Teenage Mutant Ninja….

So I was talking to the sister the other day about sister number two’s demon dogs and I decided to catalogue all the animal’s crazy personality types…..
Dog number one goes by S. She is the oldest of sister twos animals. She also likes to be a skank and show off her vagina to dog number two….she is the oldest and she is very comfortable with her sexuality..….which I guess we shouldn’t be surprised about. She did LOVE the toy big fluffy toy grandma gave her. And for reasons unknown to me believed it to be a sexual toy…poor humpty never had a chance of surviving.
Dog number two goes by C. He is that teenage boy in high school that believes the more ANNOYING you are the more likely the girl is to fall madly in love with you. He is like that boy in high school who thought that he was illustrating his admiration for you by jiggling your chair all through freshman honors English. The boy you contemplated slapping in the face daily….Yes that is exactly who C is, except he believes following you, trying to trip you, and sniffing your crotch is the BEST THING EVER!
Sister number one’s dog P is the oldest of the bunch, but does not act like it at all. She is needy, CAN NOT BE LEFT ALONE! Loves to tattle on the other dogs when they are fighting.

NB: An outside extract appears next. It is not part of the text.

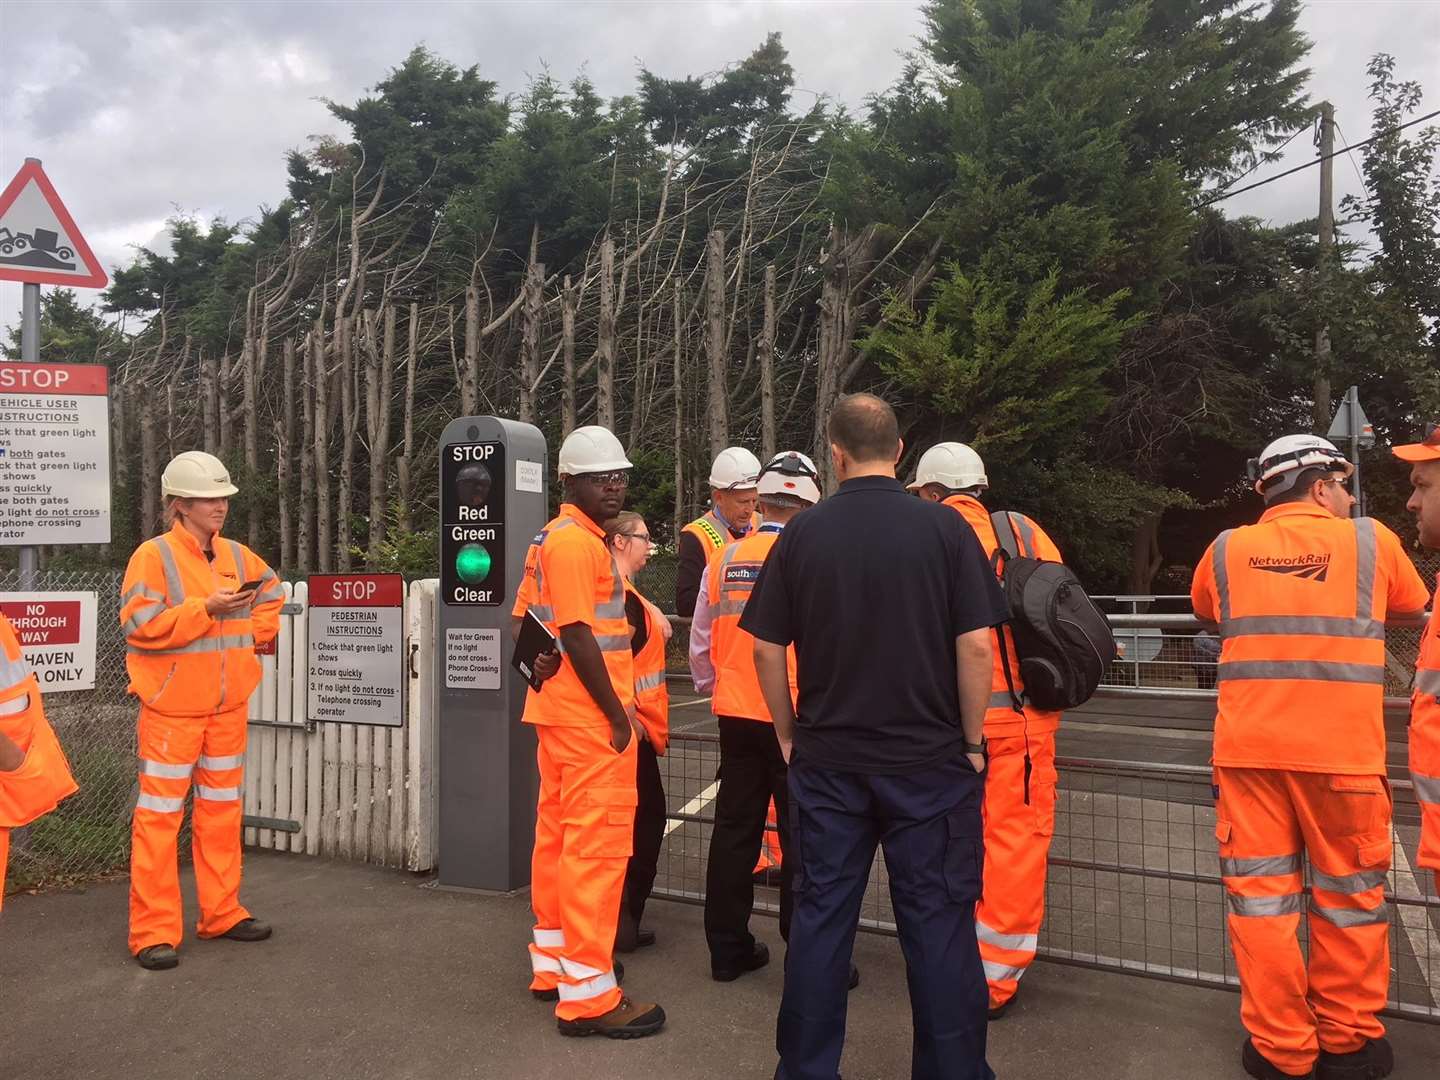 Network Rail engineers at the crossing in Halling

Mopes around the house and wants her mother’s attention 24/7. Also loves her butt scratched, just like her mother….hmmmm
I am also surrounded by two cats who love to have sex and chase each other around the house. E is a girl and she can only handle girl attention. She also is deathly afraid of sister one and runs like a lunatic around the house. K is a needy boy who does not get enough attention as of late and walks around the house crying….searching for someone to love him.
THIS IS MY DAILY LIFE IN A NUTSHELL FOLKS!
BTW if you can’t tell I was babysitting the pets this last weekend….where is my vacation?












Hubby would like to know when I am coming back from “sarcasm land.”